8 Years After Its Founding at Mobile World Congress, Can Open RAN Scale?

Although it didn’t originate that way, O-RAN has become seen as an ‘anti-Huawei’ alliance. It stands to gain as U.S. and Europe are mandating removal of Chinese telecom equipment

8 Years After Its Founding at Mobile World Congress, Can Open RAN Scale?
Photo of, from left, Omdia's Gabriel Brown, AT&T Senior Vice President Yigal Elbaz, and Deutsche Telekom Senior Vice President Thomas Lips, on Tuesday, March 3, at Mobile World Congress

BARCELONA, March 10, 2026 — For decades, mobile operators had little choice in how they built their networks. A handful of equipment vendors controlled the entire stack – radios, software, and the interfaces between them – leaving carriers dependent on whichever supplier they had chosen and unable to mix components from competitors.

That changed in February 2018, when five of the world's largest mobile operators founded the O-RAN Alliance at the Mobile World Congress (MWC) that year.

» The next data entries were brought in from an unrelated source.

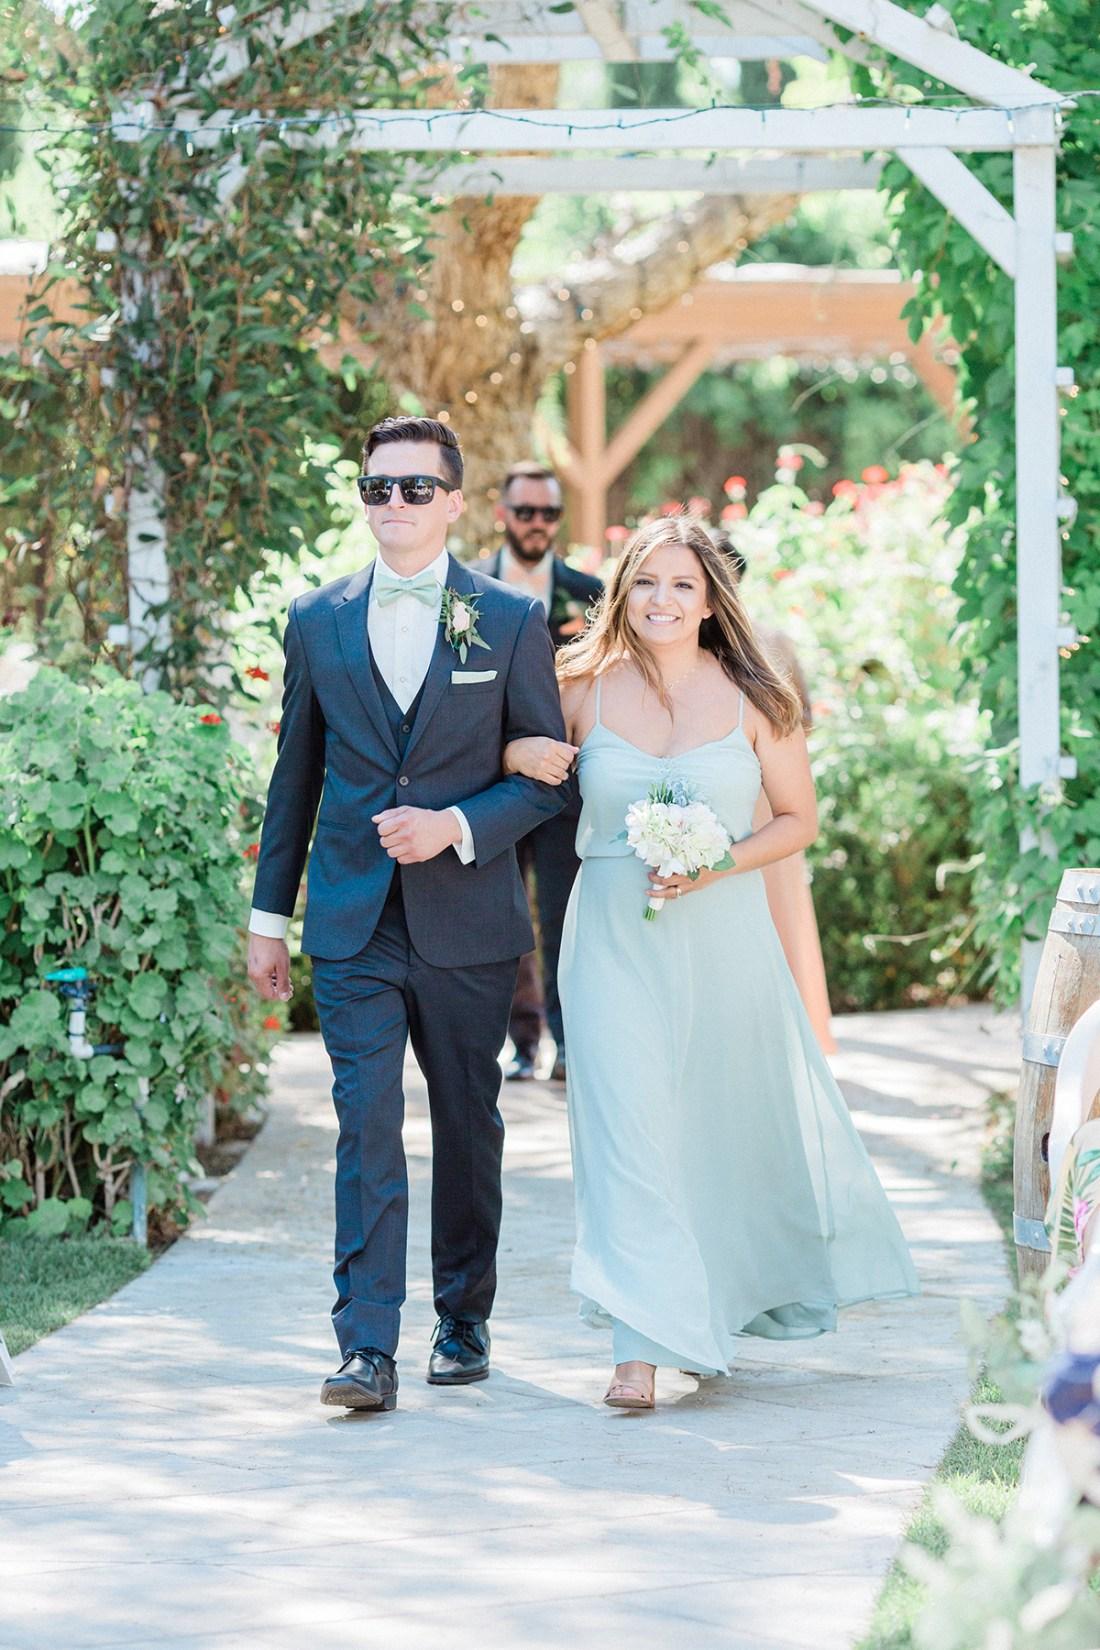 Amanda & Steve's Wedding- Bridal Party   A Good Hue
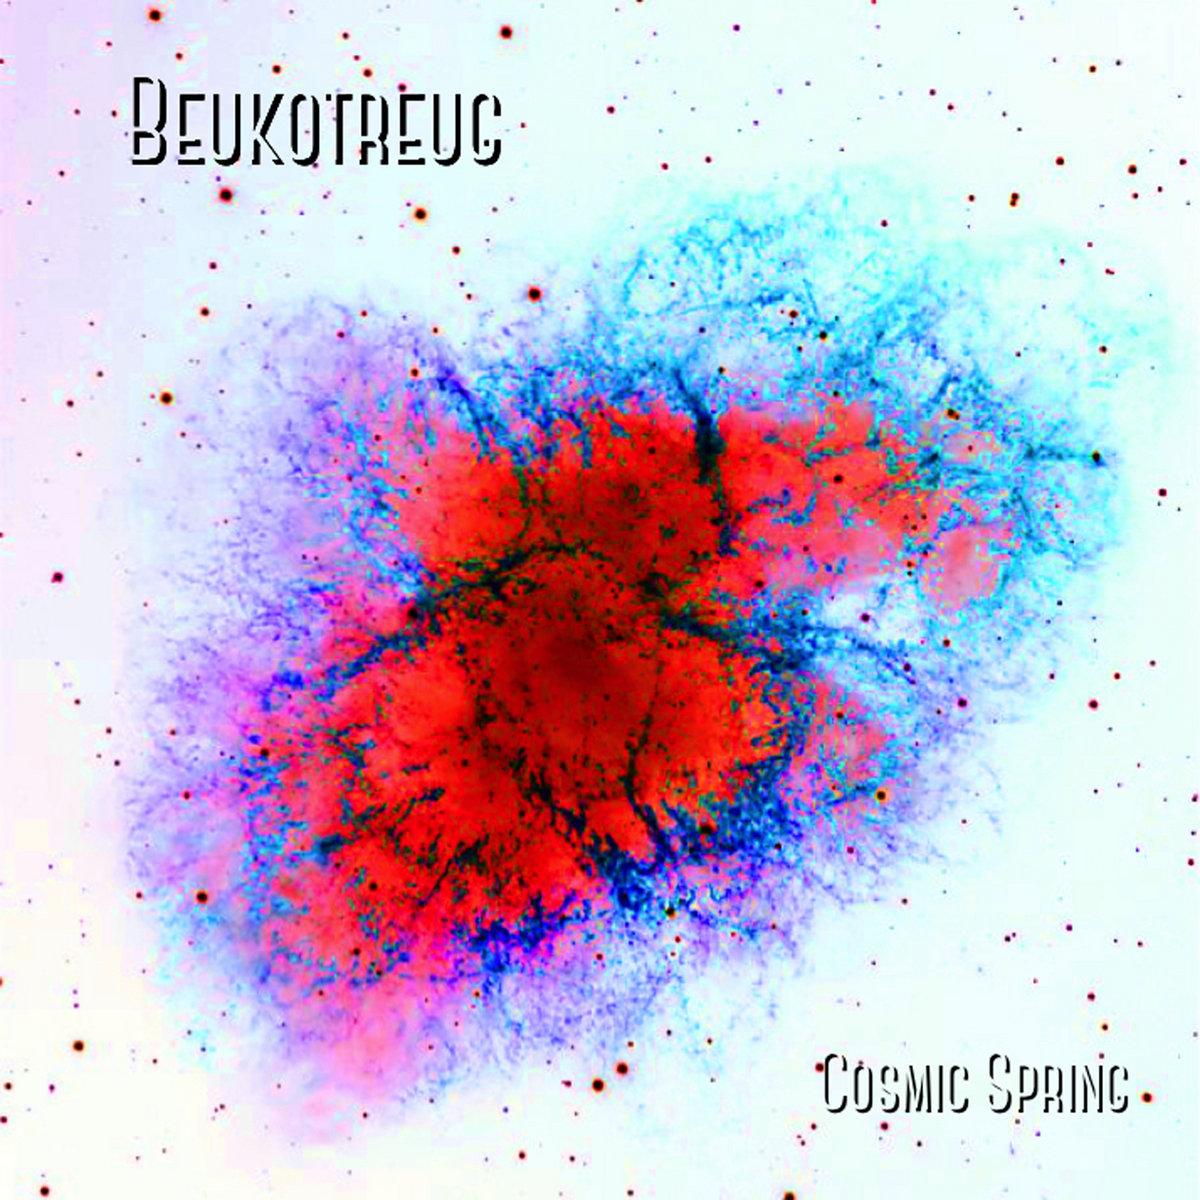 Cosmic Spring | Beukotreug
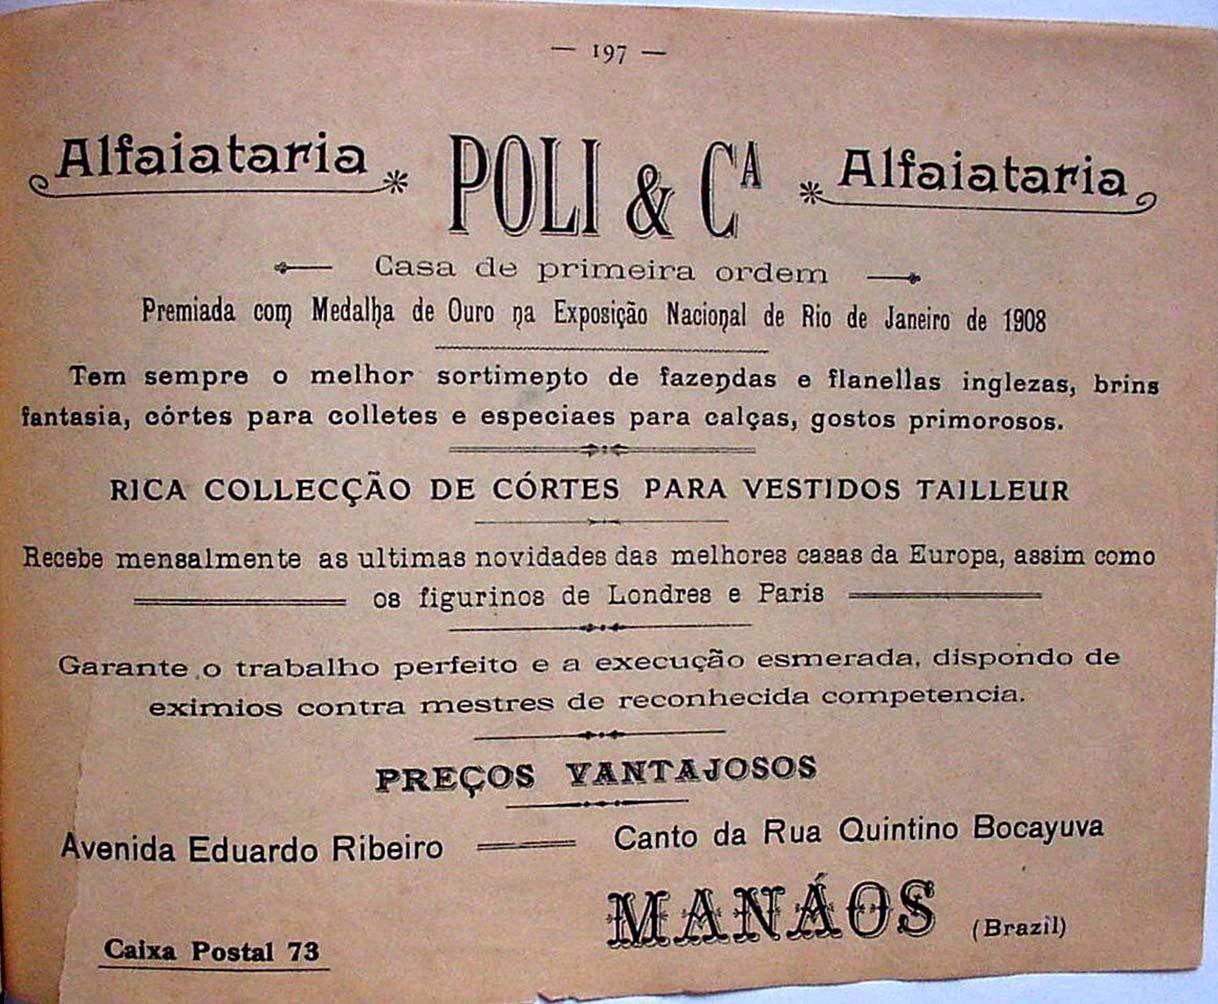 Anúncio da Grande Alfaiataria Poli & Cia
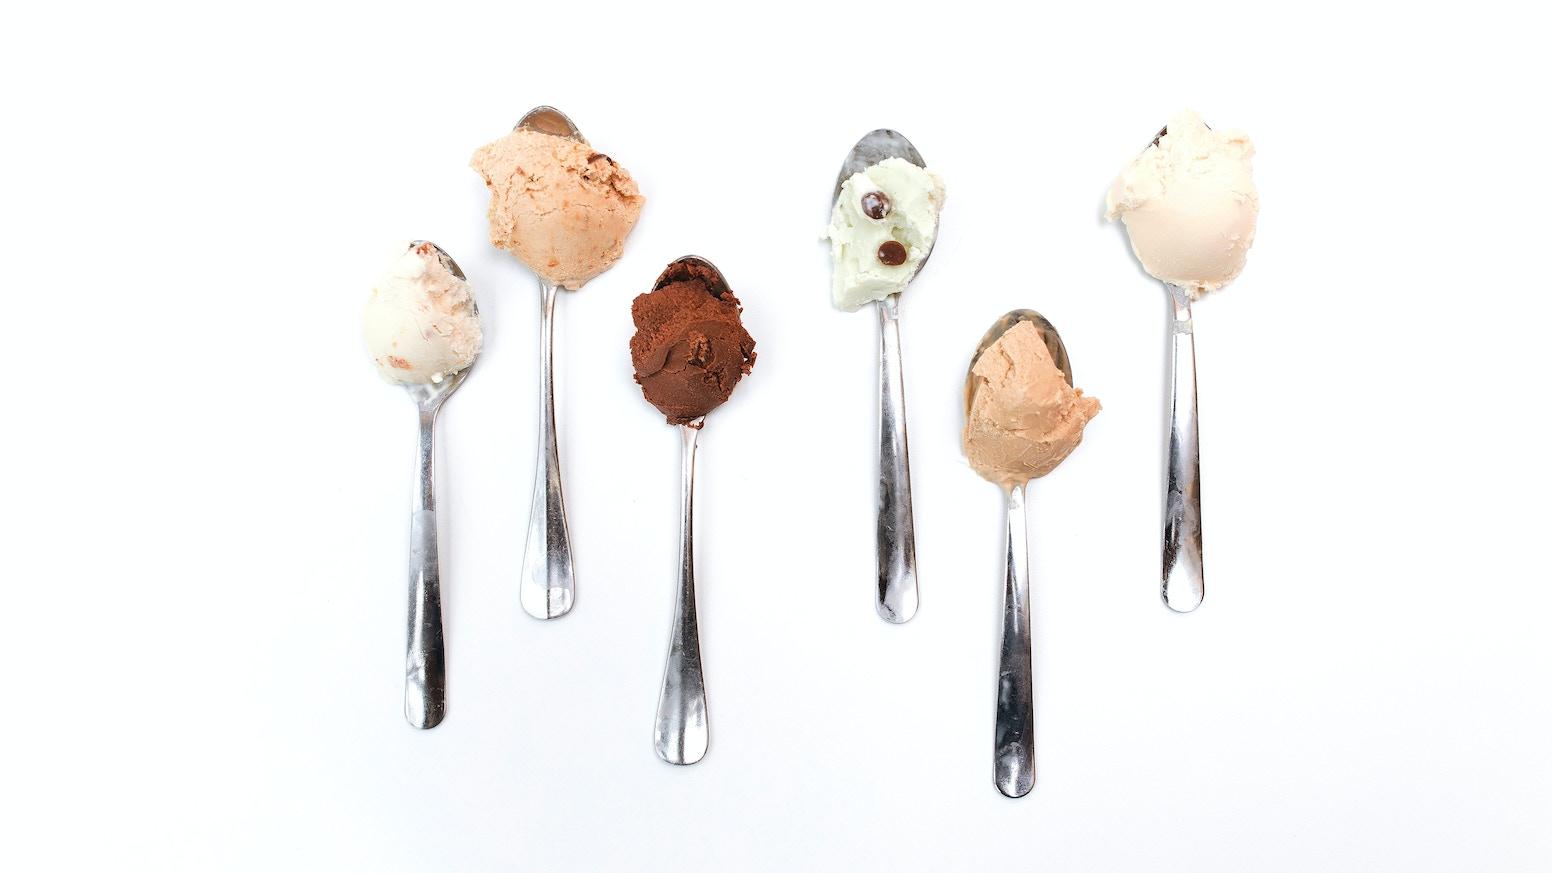 Keto Pint A New Kind Of Ice Cream By Keto Pint Kickstarter

The founding members – U.S.-based AT&T, China Mobile, Deutsche Telekom, Japan-based NTT DOCOMO, and France-based Orange – advocated for open, interoperable mobile networks, in which hardware and software from different vendors can be mixed and matched instead of purchased as a single proprietary system. The approach, they argued, would drive down costs, accelerate innovation, and reduce dependence on any single supplier.

Eight years in

Eight years later, advocates of the movement said on March 3, at the 2026 O-RAN Alliance Summit, that one of its most ambitious bets has paid off. Rakuten Mobile, the Japanese carrier that built the world's largest fully open, cloud-native mobile network from scratch, reported its first annual profit last year. The network now serves 10.2 million subscribers across 350,000 cells built on disaggregated, multi-vendor infrastructure.